**EXERCISE AIM:** The line with "Mặt bằng dự" marks where to begin; print it and all lines after it in the material below exactly, skipping pictures.

**SUPPLIED DATA:**
◇ ◇ ◇

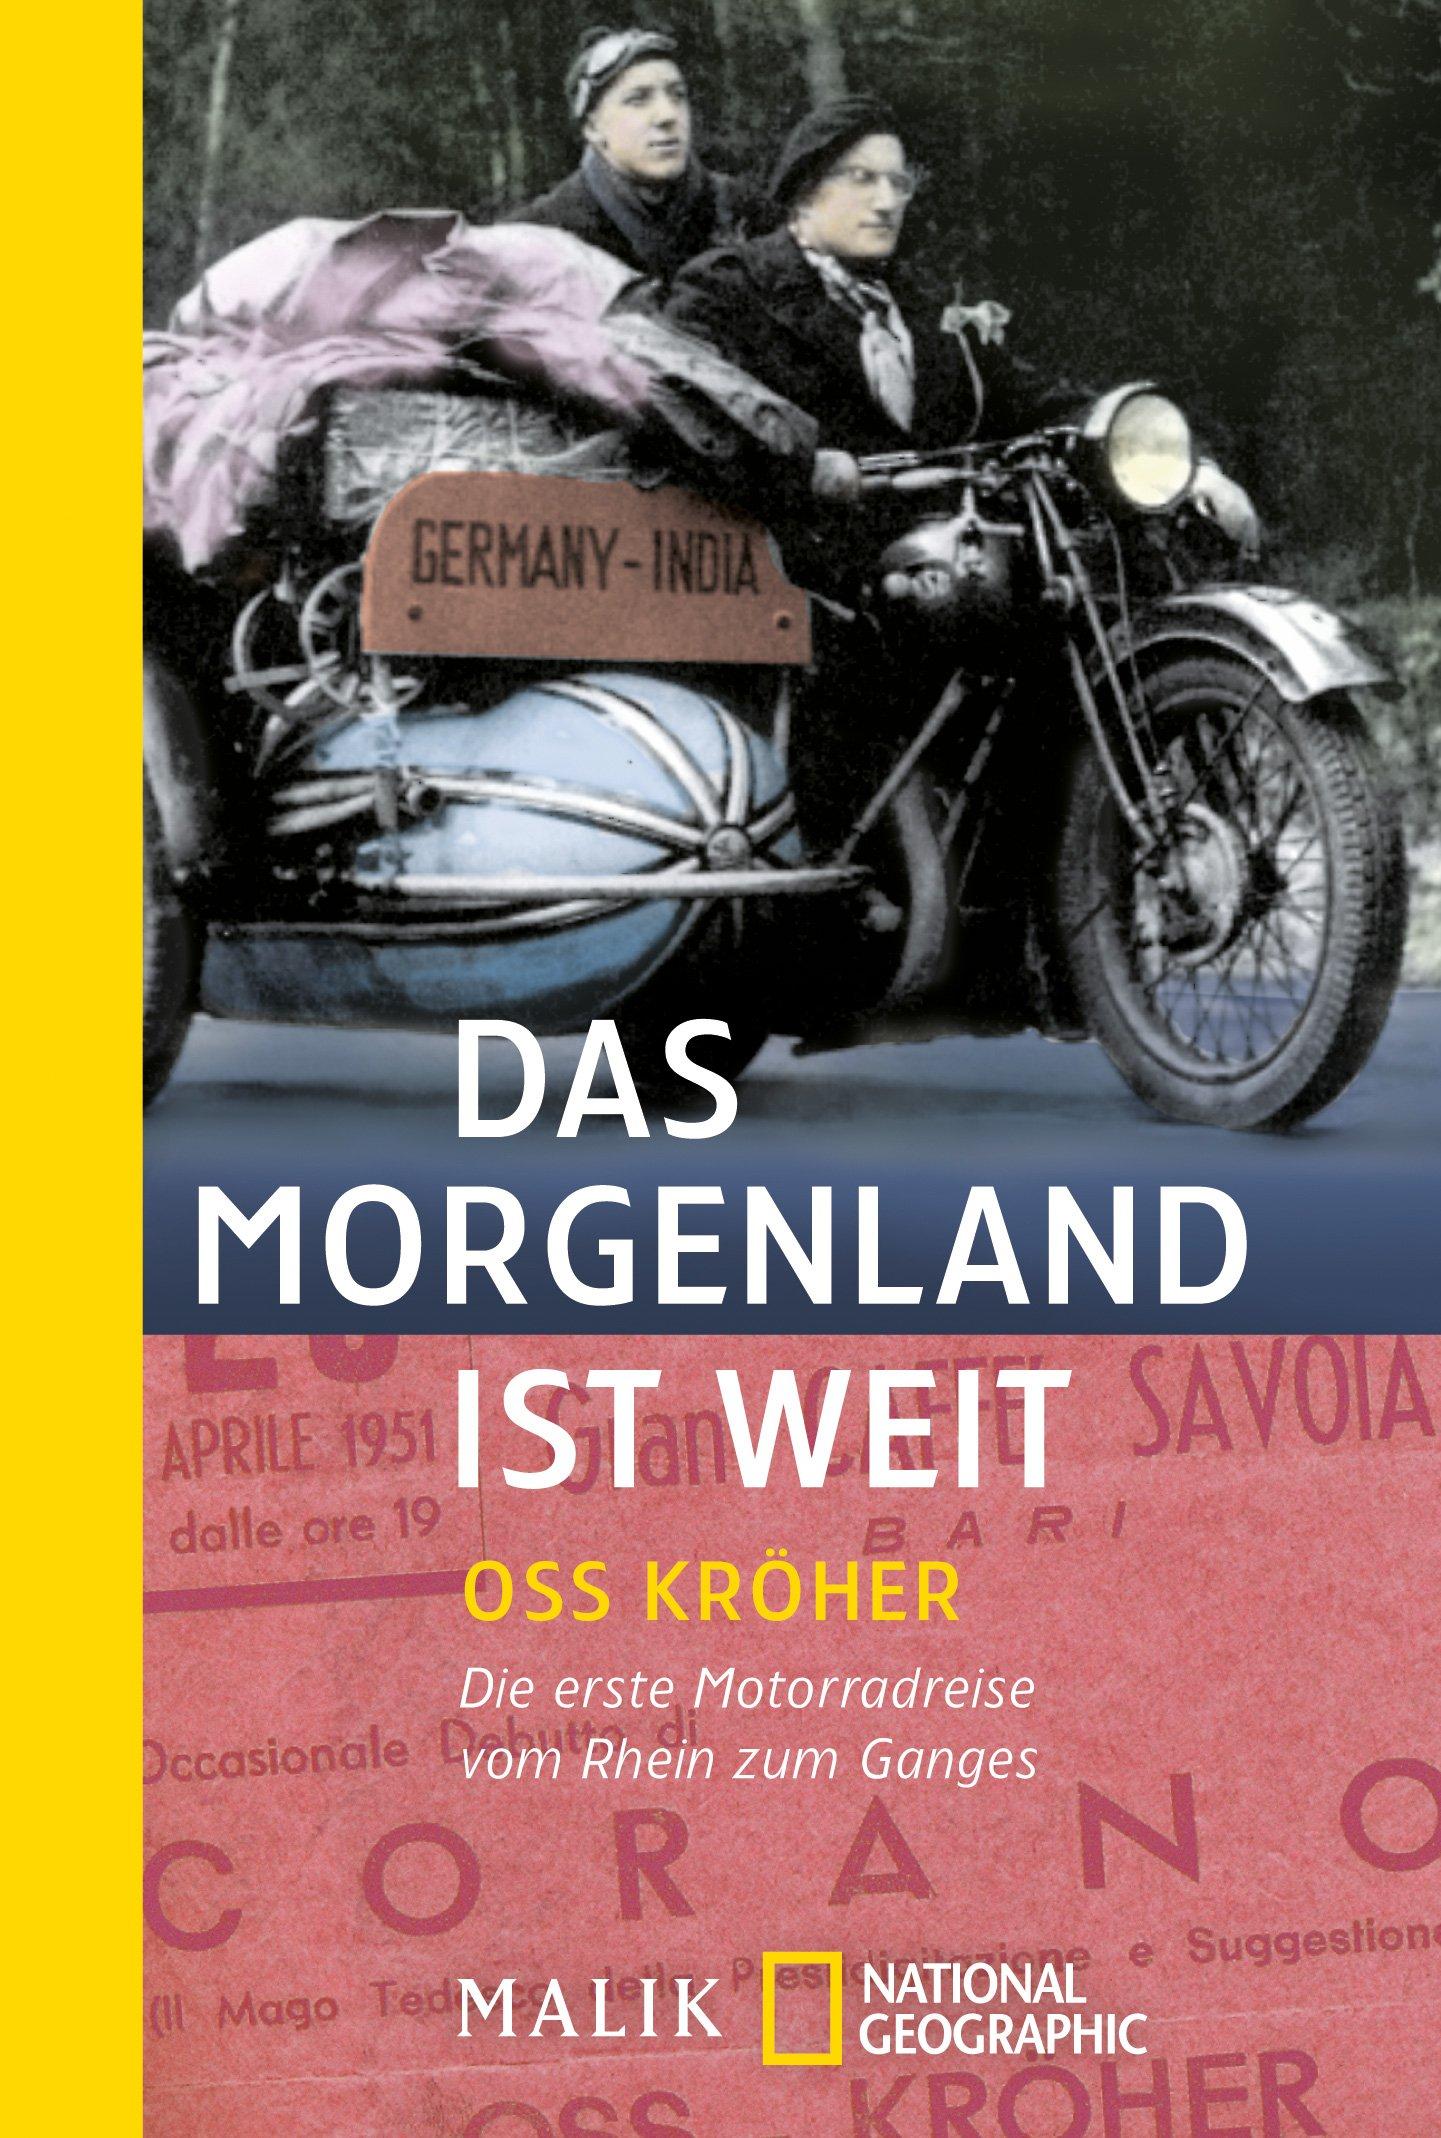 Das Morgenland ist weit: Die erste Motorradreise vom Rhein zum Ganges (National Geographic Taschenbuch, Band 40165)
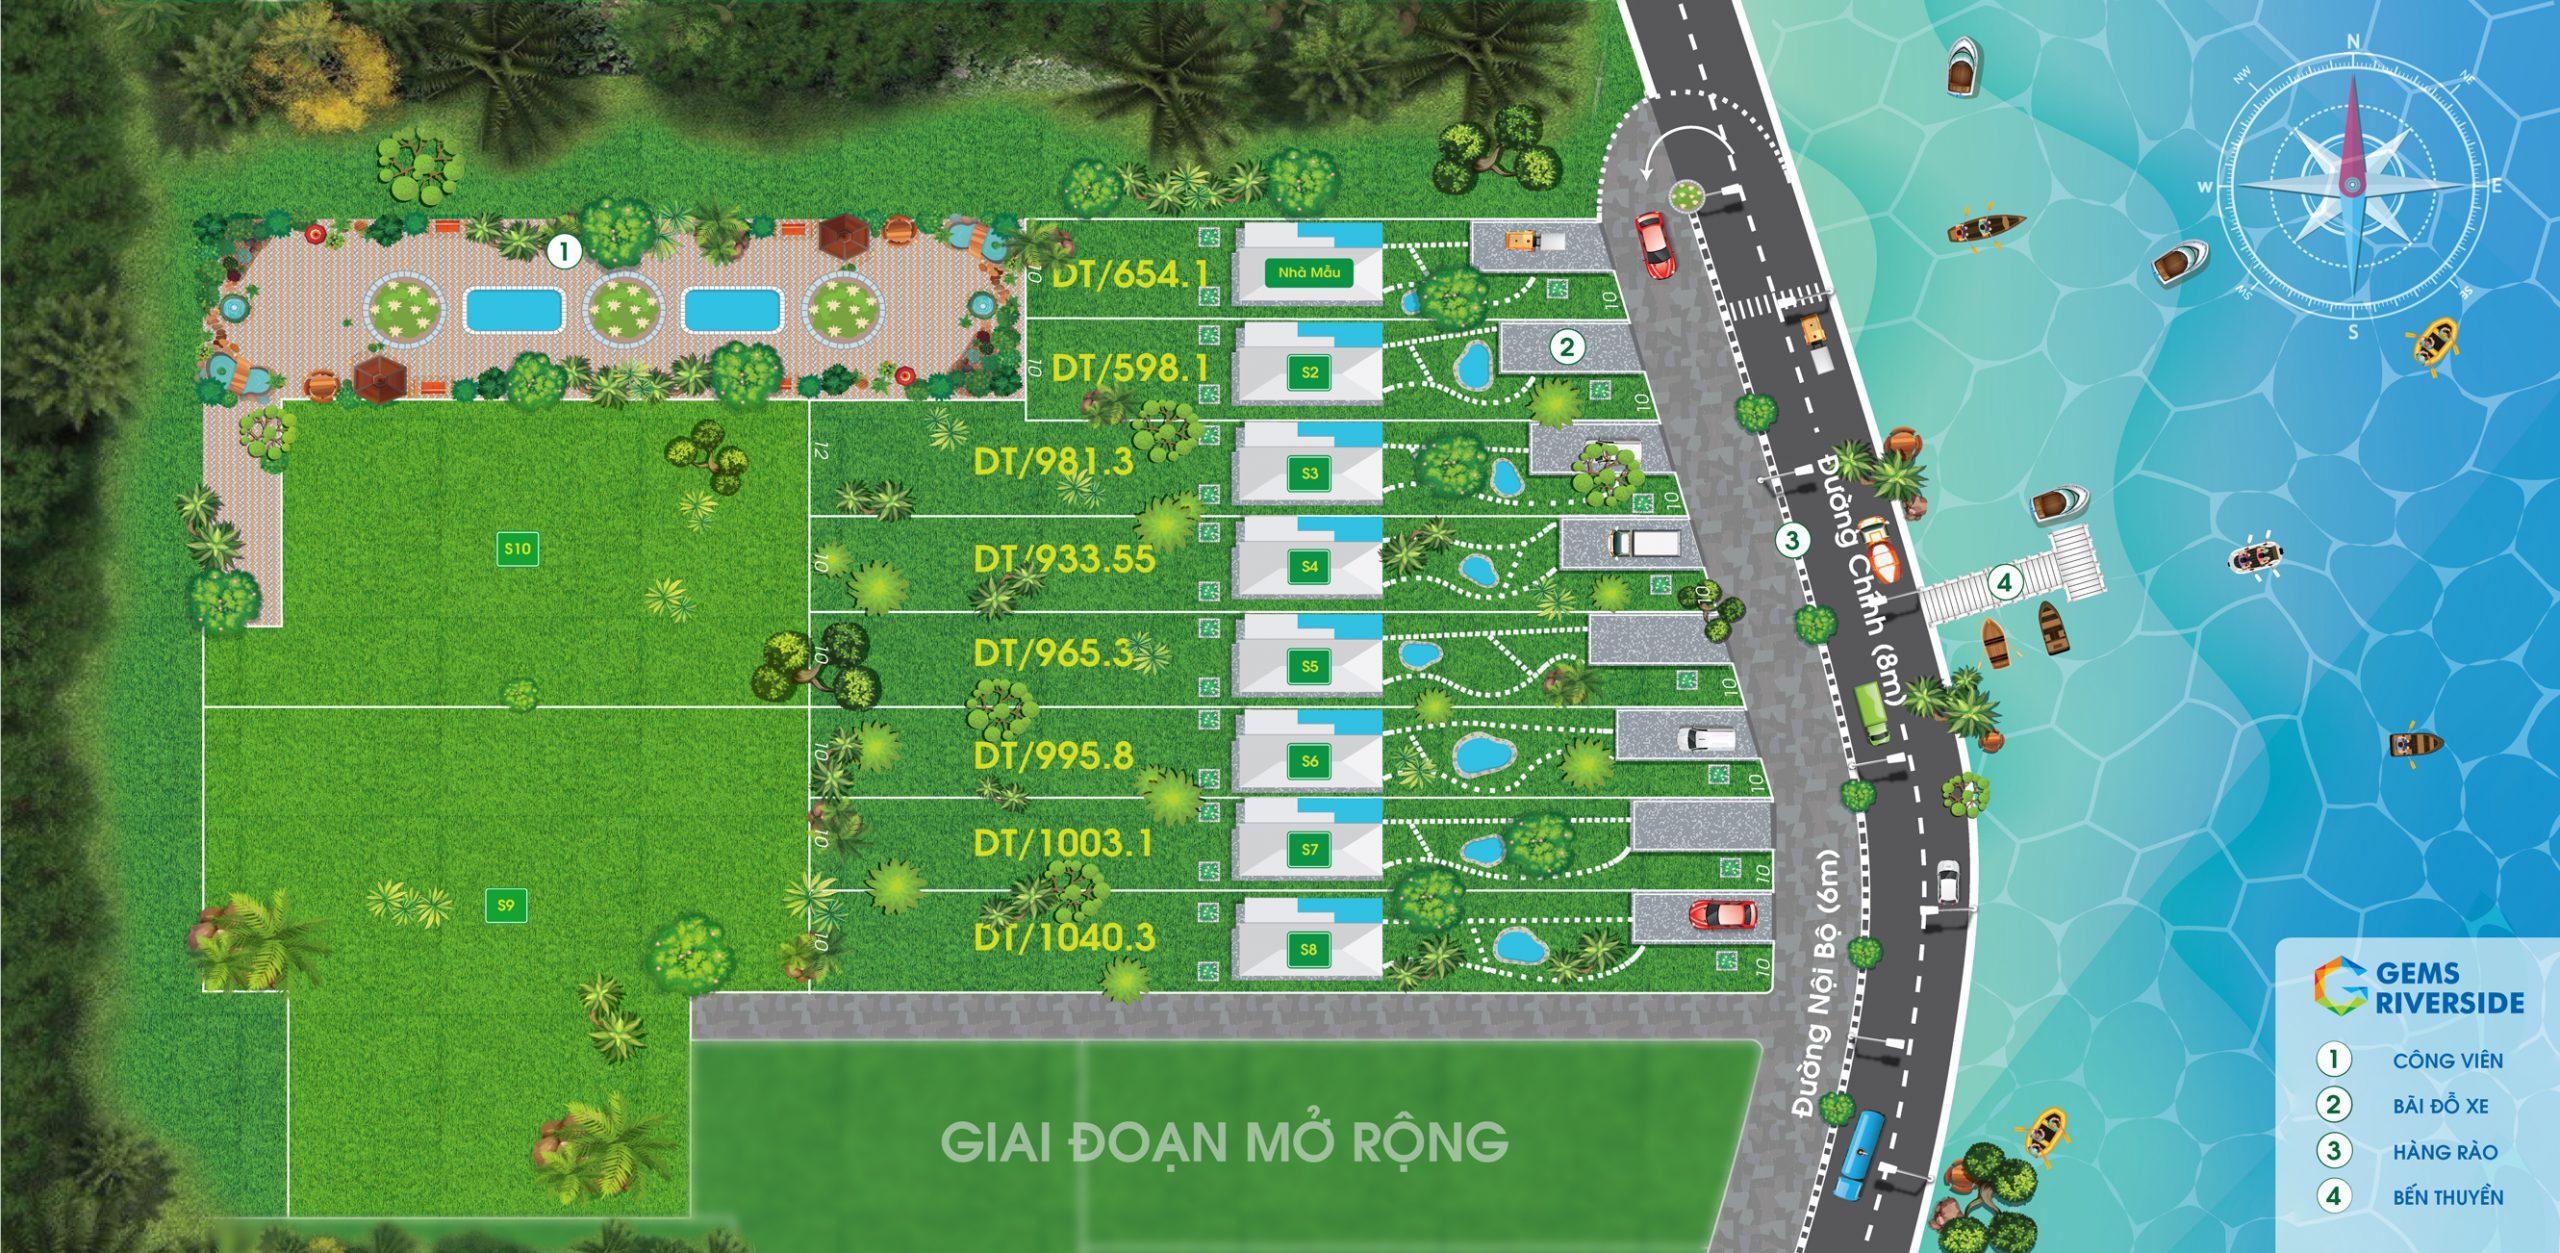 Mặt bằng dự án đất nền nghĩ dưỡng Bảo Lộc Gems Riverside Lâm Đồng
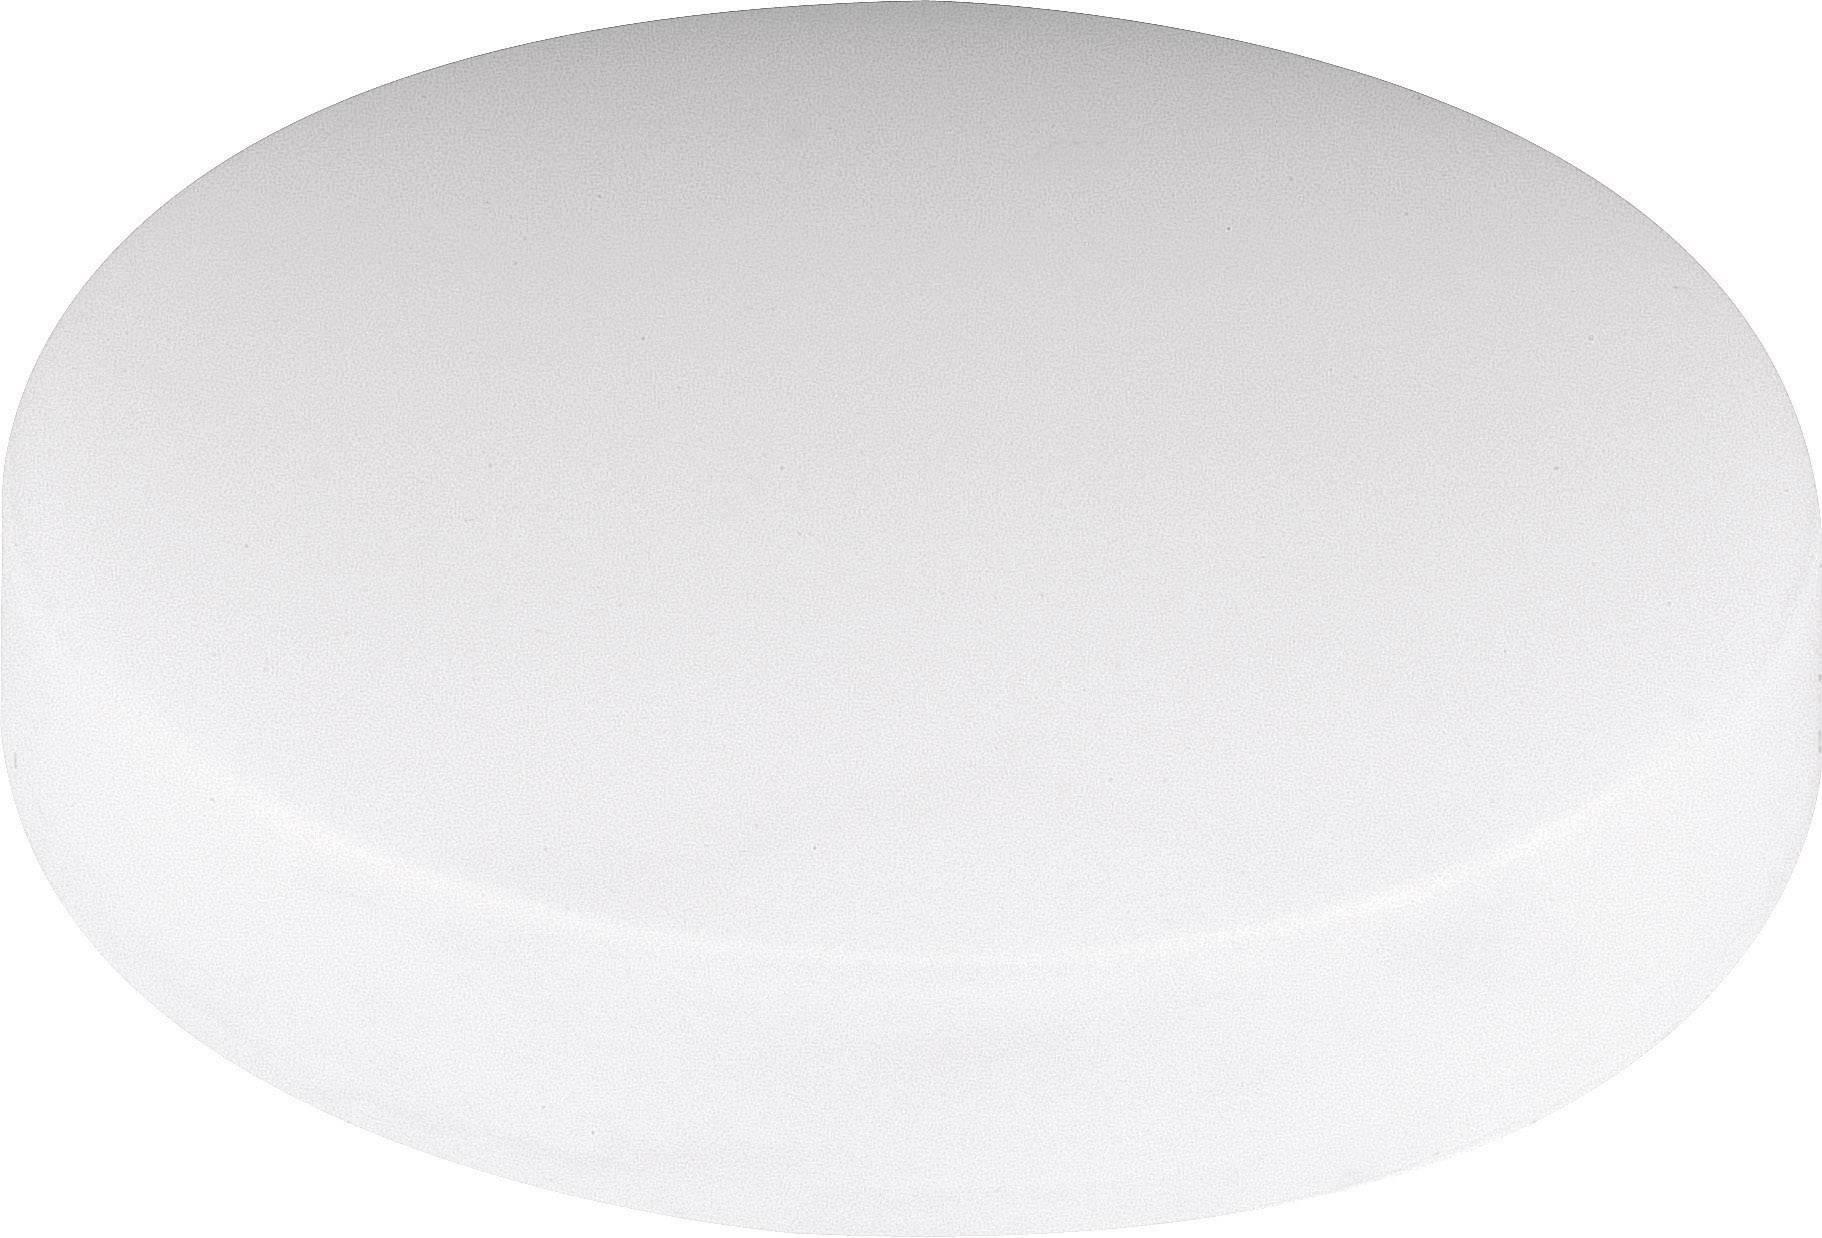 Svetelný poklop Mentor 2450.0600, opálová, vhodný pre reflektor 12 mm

◇ ◇ ◇

**RESPONSE TO THE TASK:**
 Mặt bằng dự án đất nền nghĩ dưỡng Bảo Lộc Gems Riverside Lâm Đồng
 Svetelný poklop Mentor 2450.0600, opálová, vhodný pre reflektor 12 mm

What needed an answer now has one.